You’re not impressed? That’s because you probably haven’t lately used that Latin unit of length. It was equal to five feet. Do the math and you’ll find that Alhazen’s figure for our atmosphere’s height was forty-nine miles.

Back then nobody—absolutely nobody—had the slightest clue how far up the air extends. Or whether it ever stops. For all anyone knew it could continue for four miles or four million. Alhazen said forty-nine miles. These days most authorities place the figure at fifty-two miles, the top of the mesosphere. And yet who in the West has even heard of Alhazen?4

If Alhazen has any fame at all in the West, it’s because he invented the pinhole camera, which I sincerely wish everyone would experience at some point because it’s amazing and fun. Once in a while you’ll witness something similar when a tiny bit of light enters a dark room through a hole in drawn shades. Exquisite, animated, filmlike details of the world get projected onto the walls and ceiling. It’s riveting. Alhazen’s fellow desert dwellers must have flipped. Alhazen also discovered the laws of refraction and was able to separate light into its constituent colors. He studied eclipses and optics and correctly figured out the math behind them.

How he had the time for so much study and experimentation is a story he probably loved to share with his analyst. It’s a strange tale that began when he still lived in Basra and would read about the Nile’s famous annual floods. In a moment of overconfidence he wrote that the river’s destructive autumn inundations could easily be controlled by a system of reservoirs and dikes, which might also serve to store the water for use during the long dry season.
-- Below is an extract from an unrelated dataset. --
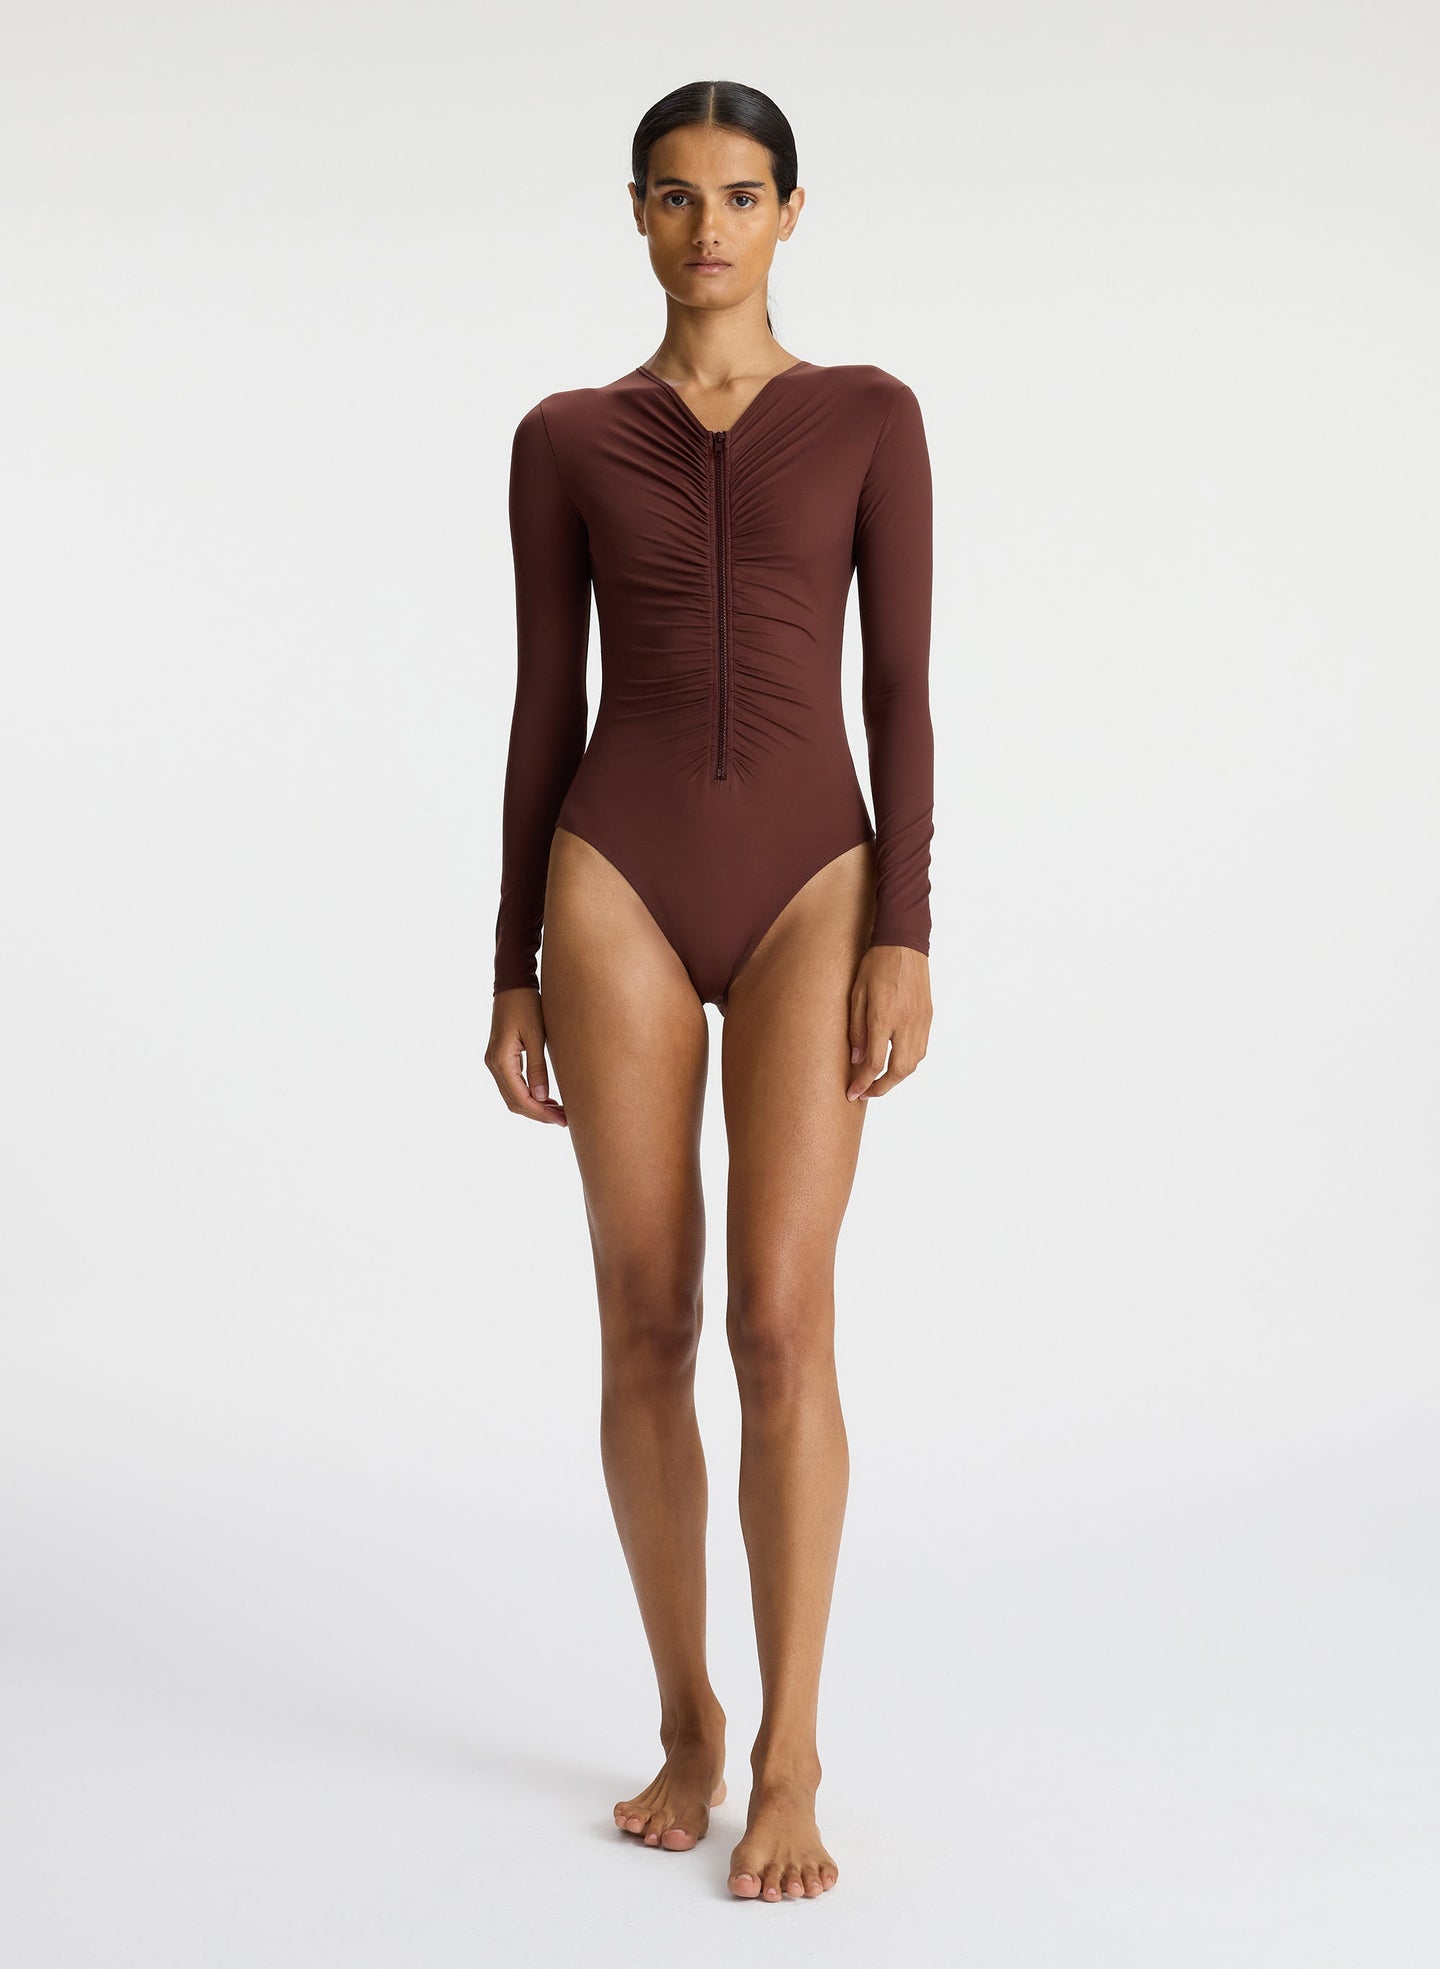 front view of woman wearing brown long sleeve zip front swimsuit

It was easy for him to imagine such technology, but these innocent published musings unwittingly set the stage for personal-life changes that would have ranked high on the modern Holmes and Rahe stress scale.

When Alhazen arrived in Cairo, the caliph, by all accounts a testy, unpleasant fellow who had heard about Alhazen’s claims, summoned him and said, “Okay, do it.” Alhazen was taken on a tour of the various floodplains. I wish I could have seen his reaction. He must have blanched. Observing the flood regions in person, the pragmatic Alhazen immediately knew that his plan could not possibly work, not in a million years.

But rather than admit his mistake and take a chance that the murderous caliph would have him executed on the spot, Alhazen tried a risky ploy. Using a technique later perfected by draftees evading the Vietnam War, he feigned madness. He figured the caliph would just have him tossed out on the street and that would be that.

He was wrong. The ruler instead ordered him locked up under permanent house arrest. He was not permitted to experience freedom or mingle with the public ever again.

This good-news-and-bad-news story resulted in Alhazen having ten full years, starting in 1011, to do nothing but immerse himself in the writing of innumerable brilliant treatises, including a notable work on optics that ranks with that of Newton seven centuries in the future. He was finally set free when the caliph died in 1021, at which point he could finally shake off the crazy act that he had probably gotten pretty good at.

The next unfolding of air’s secrets arrived more than half a millennium later and involved various aspects that probably should be considered separately. Consider, for example, the pressure, or weight, of the air. Each square inch of Earth’s surface is, famously, pressed against by a column of air weighing nearly fifteen pounds. In modern times we experience this in a fast-moving elevator or when an airplane descends. Our ears pop.